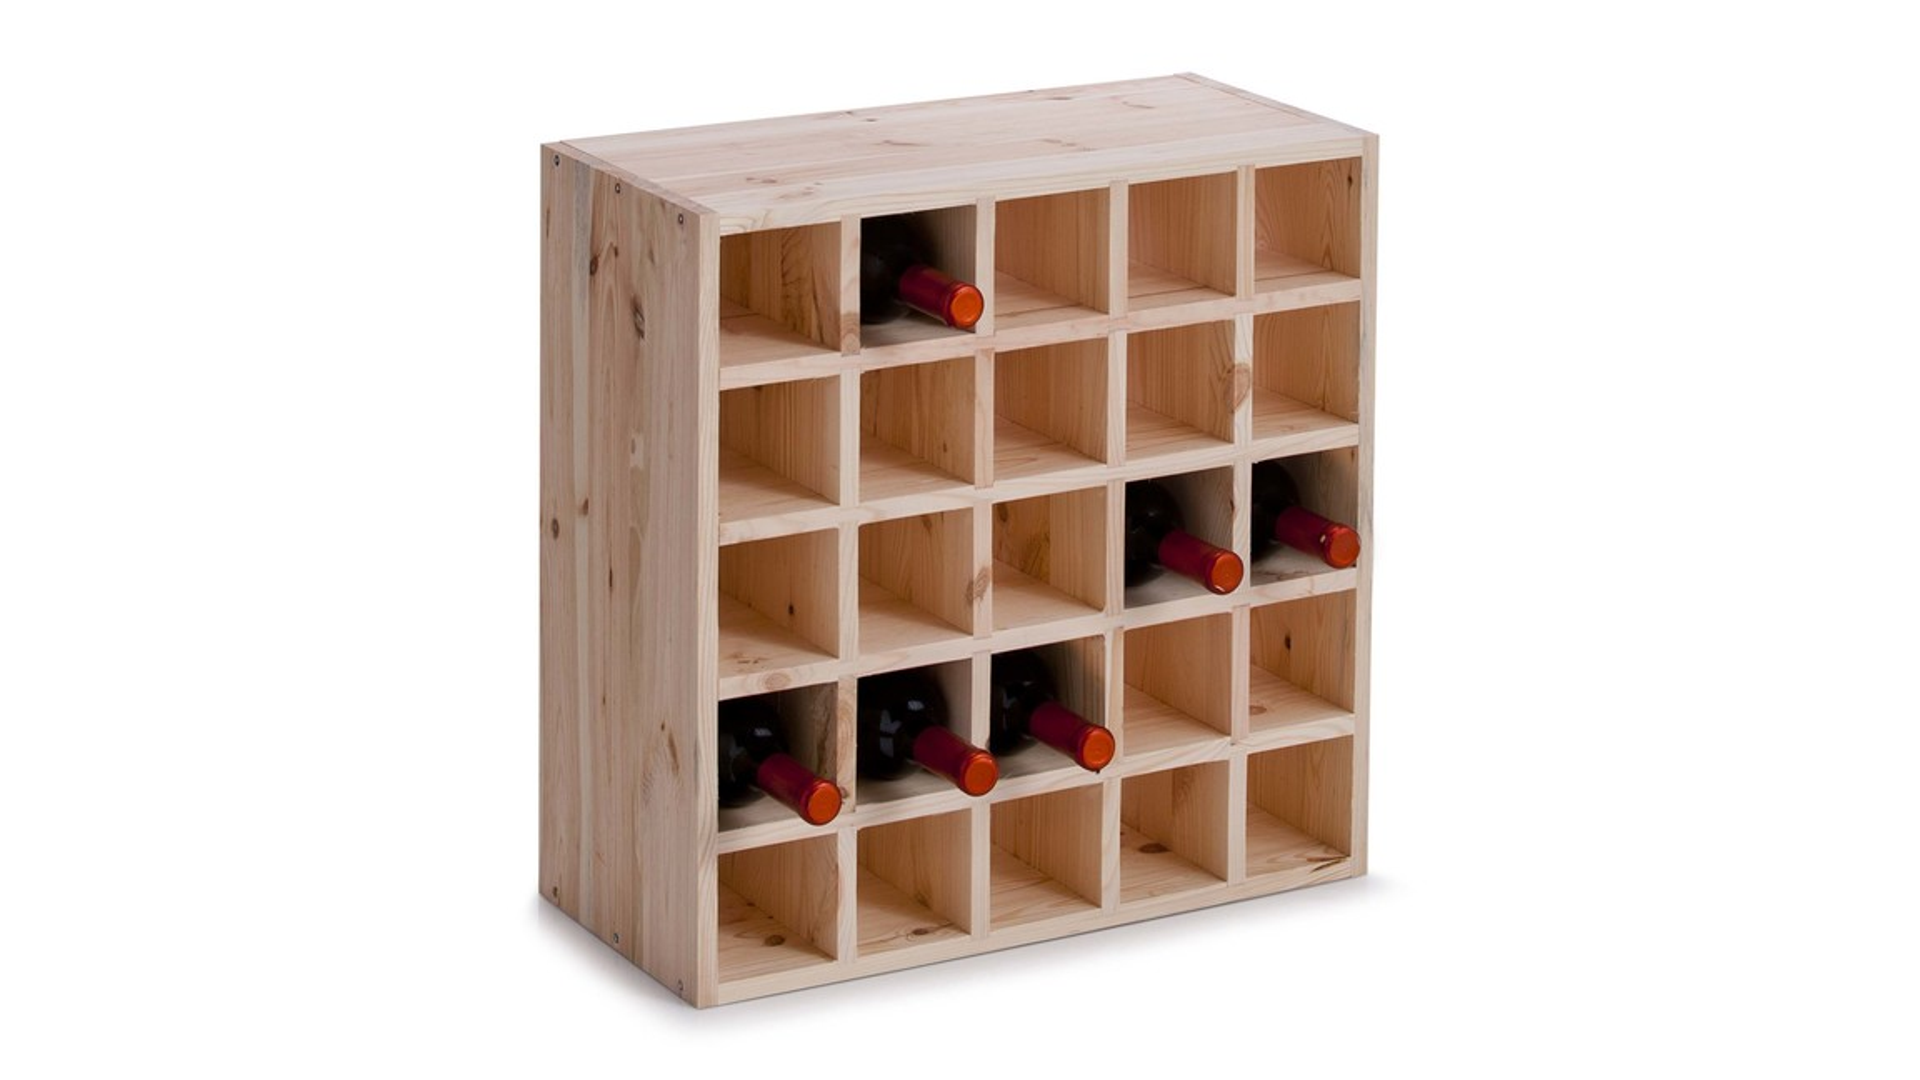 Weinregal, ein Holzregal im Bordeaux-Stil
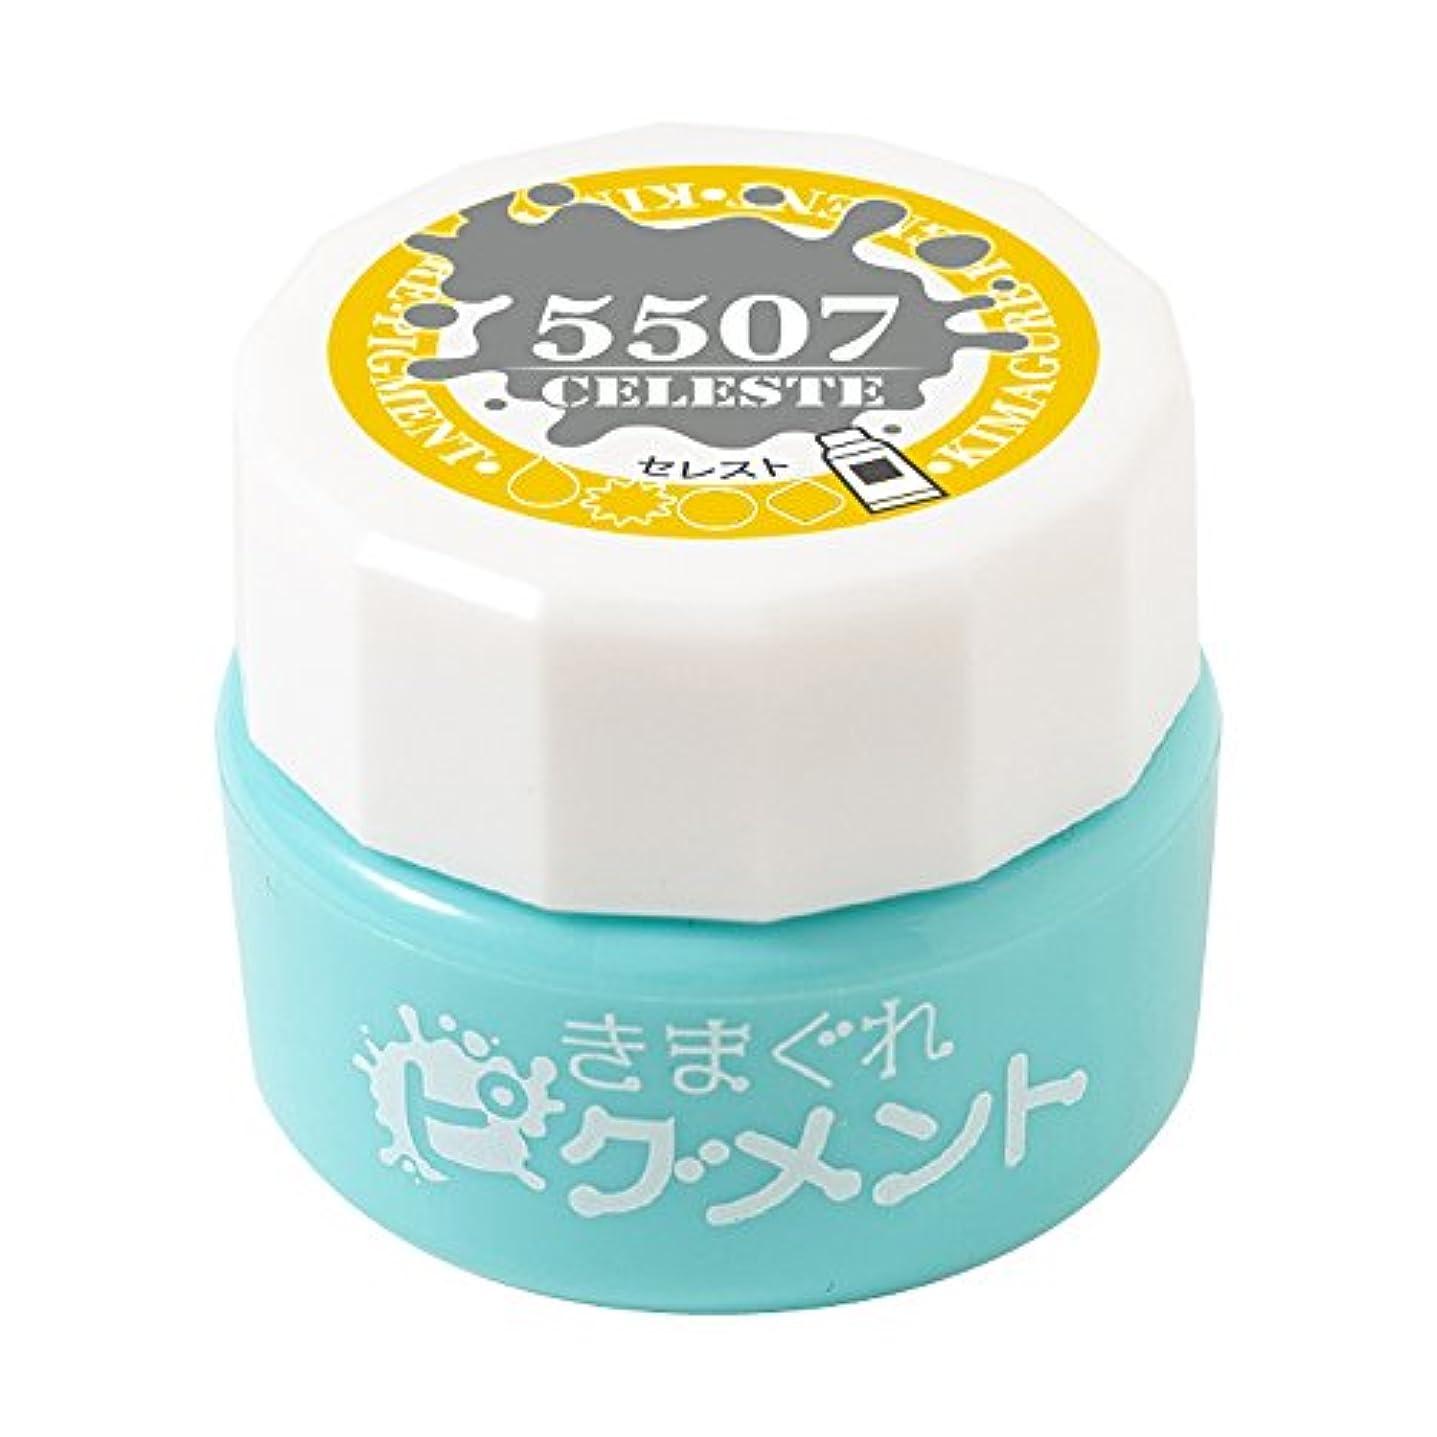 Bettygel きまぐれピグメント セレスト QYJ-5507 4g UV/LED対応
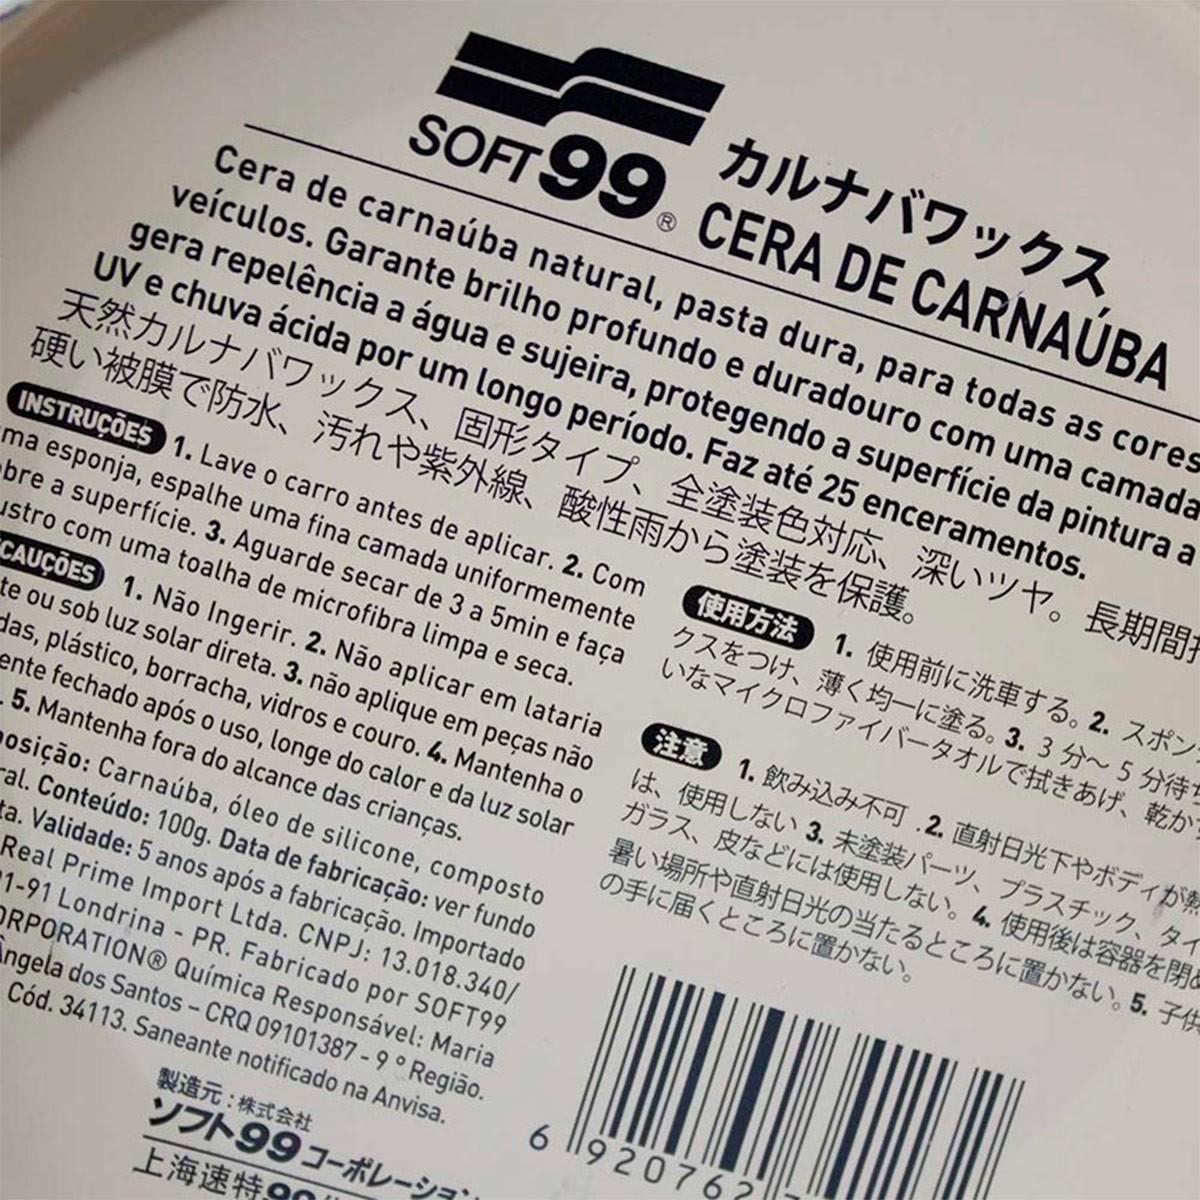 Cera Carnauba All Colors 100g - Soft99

_ _ _

- [EXERCISE GOAL]:
All of the lines above must be repeated without alteration, though the pictures are to be excluded.

- [YOUR SOLUTION]:
 Weinregal, ein Holzregal im Bordeaux-Stil
 Bettygel きまぐれピグメント セレスト QYJ-5507 4g UV/LED対応
 Cera Carnauba All Colors 100g - Soft99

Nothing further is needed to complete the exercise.